Bir gün sende gideceksin, herkes gibi hem de…
Gidenler gibi sebepsiz bir gidişin olacak,
Çünkü gidişlerin bir sebebi yoktur aslında.
Yangının içinden kurtulmak ister gibi gideceksin ama
Kendini sönmez alevlere attığını bilmeden.

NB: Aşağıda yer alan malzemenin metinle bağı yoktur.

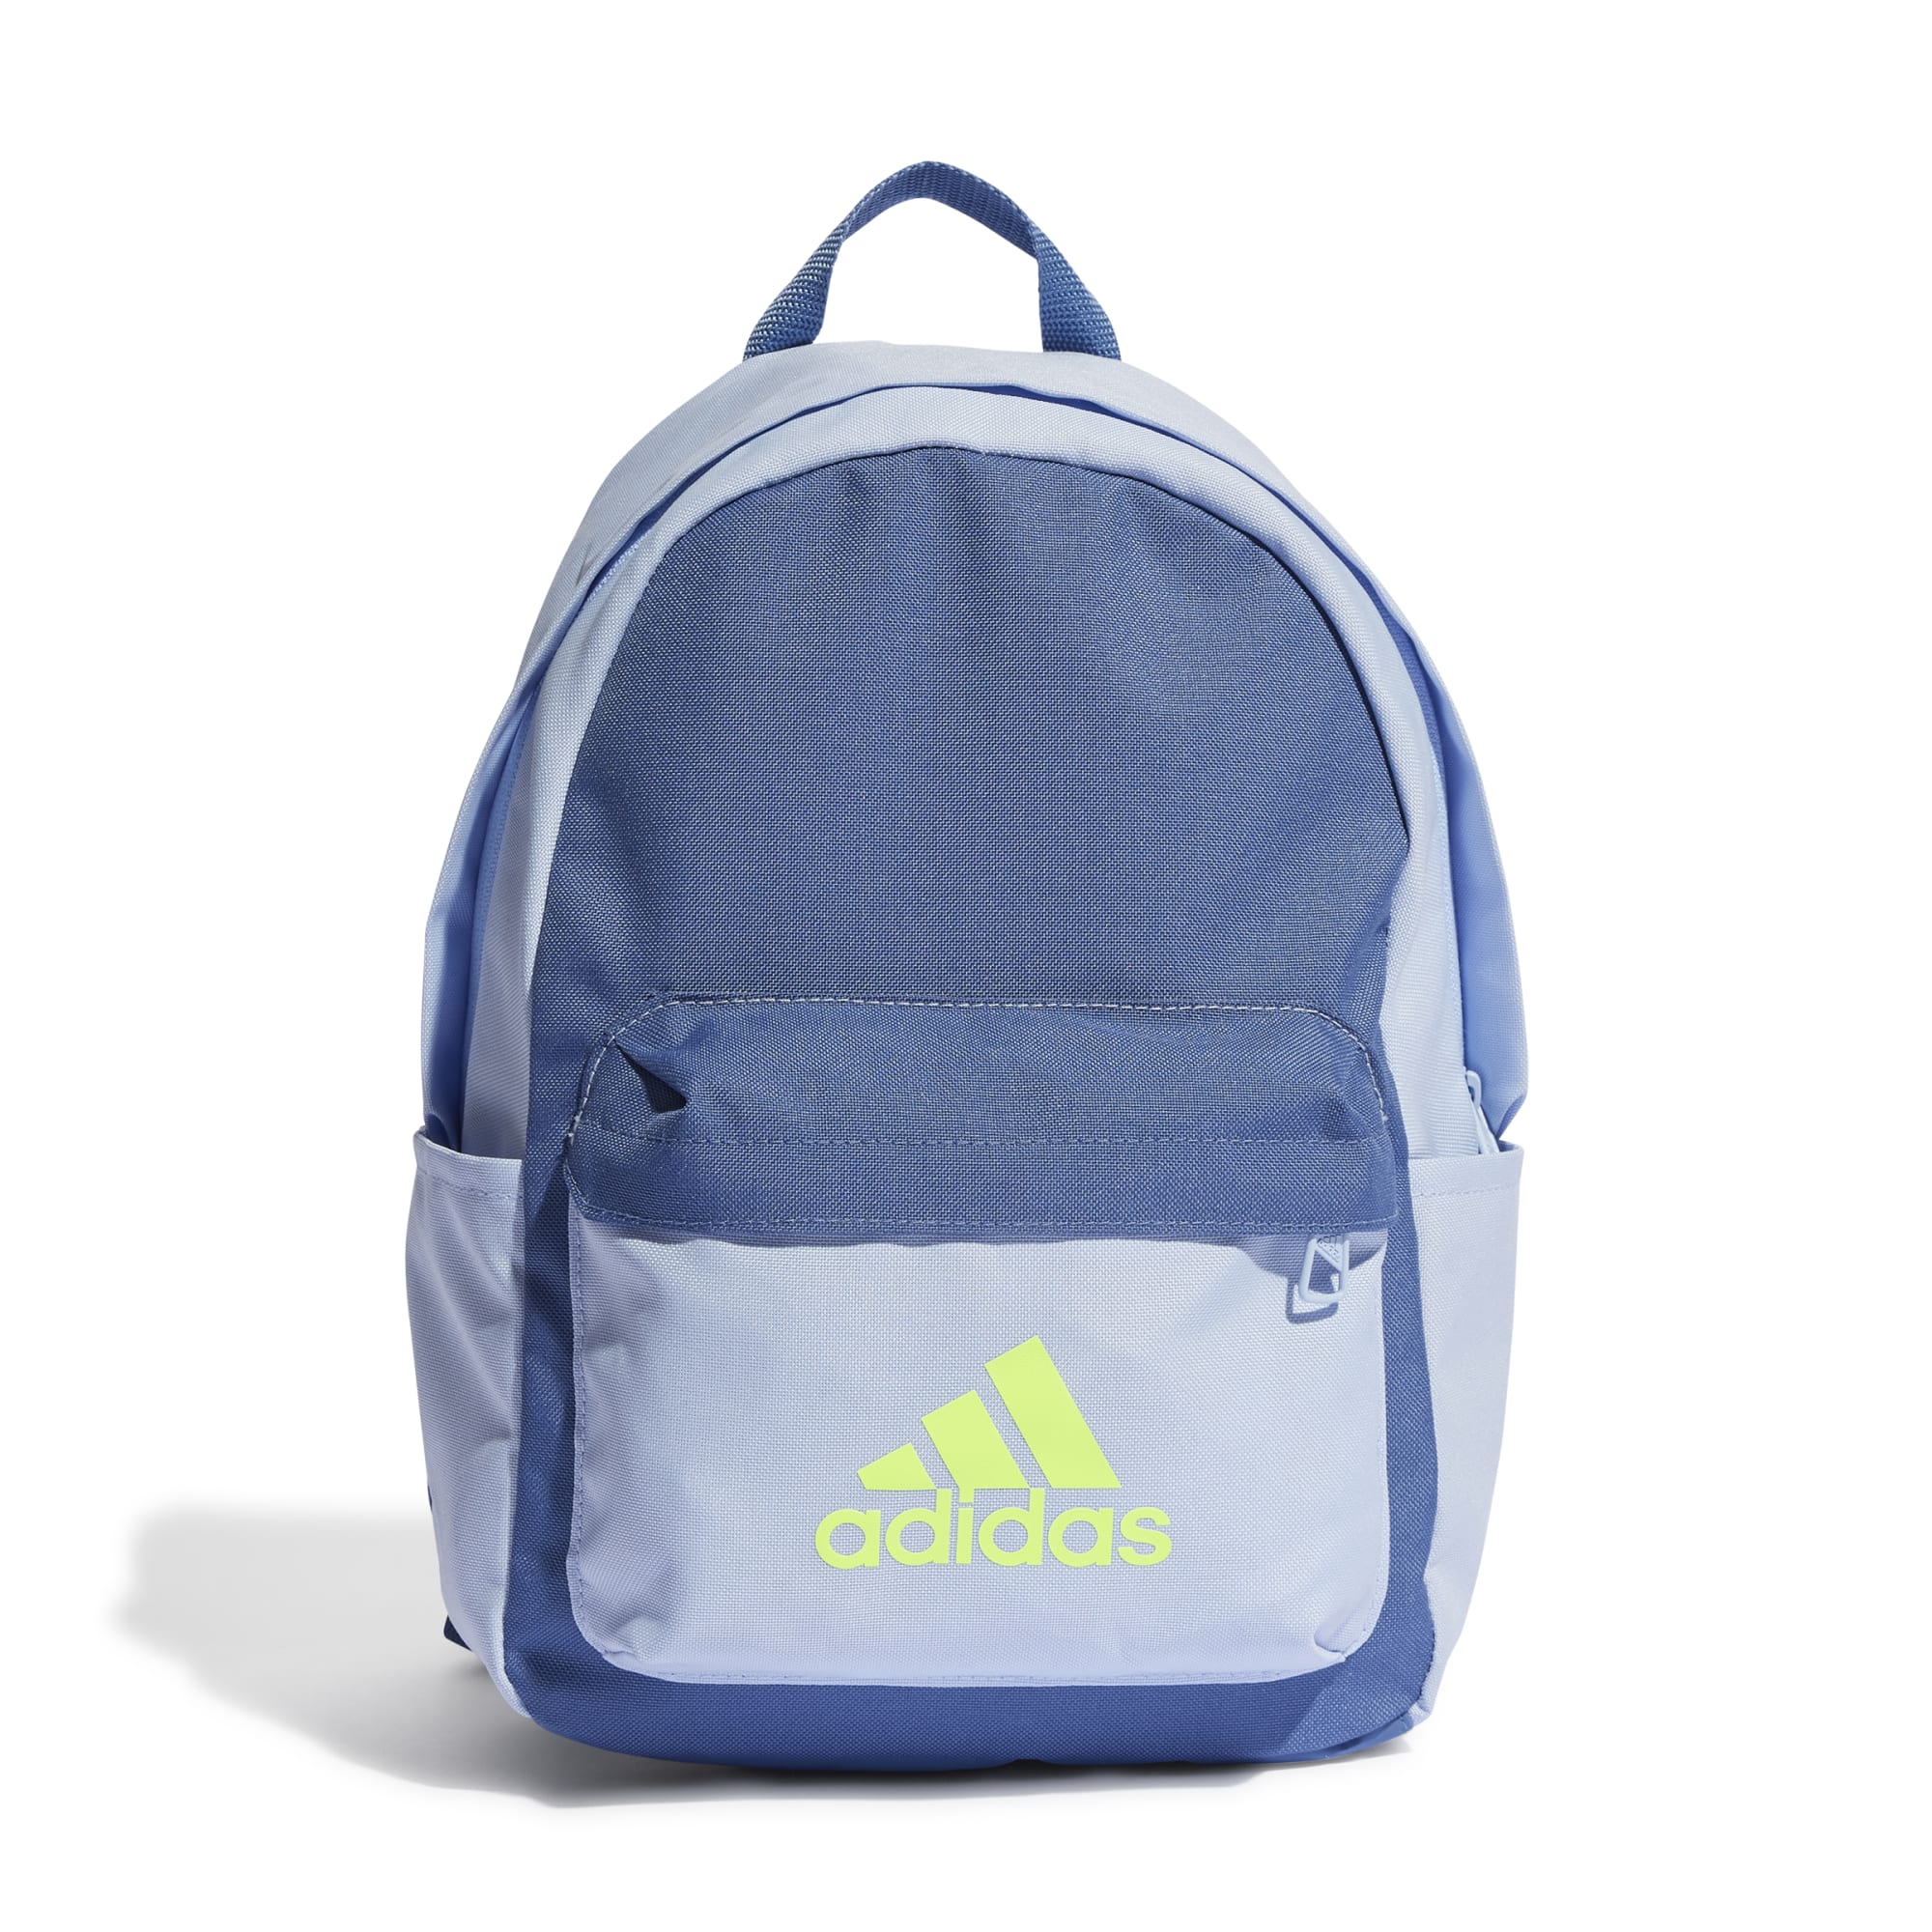 Adidas Yoga Backpack - HZ5943

Yollar derinleşecek sen yürüdükçe ve
Derinleşecek acılar arkanda düşündükçe.
Kurak topraklar kentinden mümbit kaynaklara koşar gibi gideceksin
Çöl fırtınalarına, güneş patlamalarına kurban olduğunu bilmeden.
Hangi gidiş selamete götürür insanı eğer bu gidiş bir kaçışsa.
Ve zaten genelde gidenler kaçtığını bilmeden yürürler.
Farkında olur musun bilinmez, attığın her adım daha da parçalayacak fay hatlarını,
Attığın her adım biraz daha yaklaştıracak seni ve ötekini büyük yıkıma.
Büyük yıkım öyle hoyrat, öyle vicdansız, öyle ansız gelir ki
Sen yol yürüdüğünü zannedeceksin kentler, gökler, dağlar ve dahi her şey bir bir düşerken.
Sen yürüdüğünü mü sanıyorsun, bahardan kaçar gibi, sevgiden kaçar gibi, renklerden kaçar gibi giderken aslında.
Bir gün sende gideceksin, hem de şimdi gideceğini bilmeden,
Koca koca yeminler edeceksin, koca koca sözler vereceksin sensiz gitmem diye ama
Bil ki, kalbi sevdasından daha hafif olan ruh, bir gün sende gideceksin.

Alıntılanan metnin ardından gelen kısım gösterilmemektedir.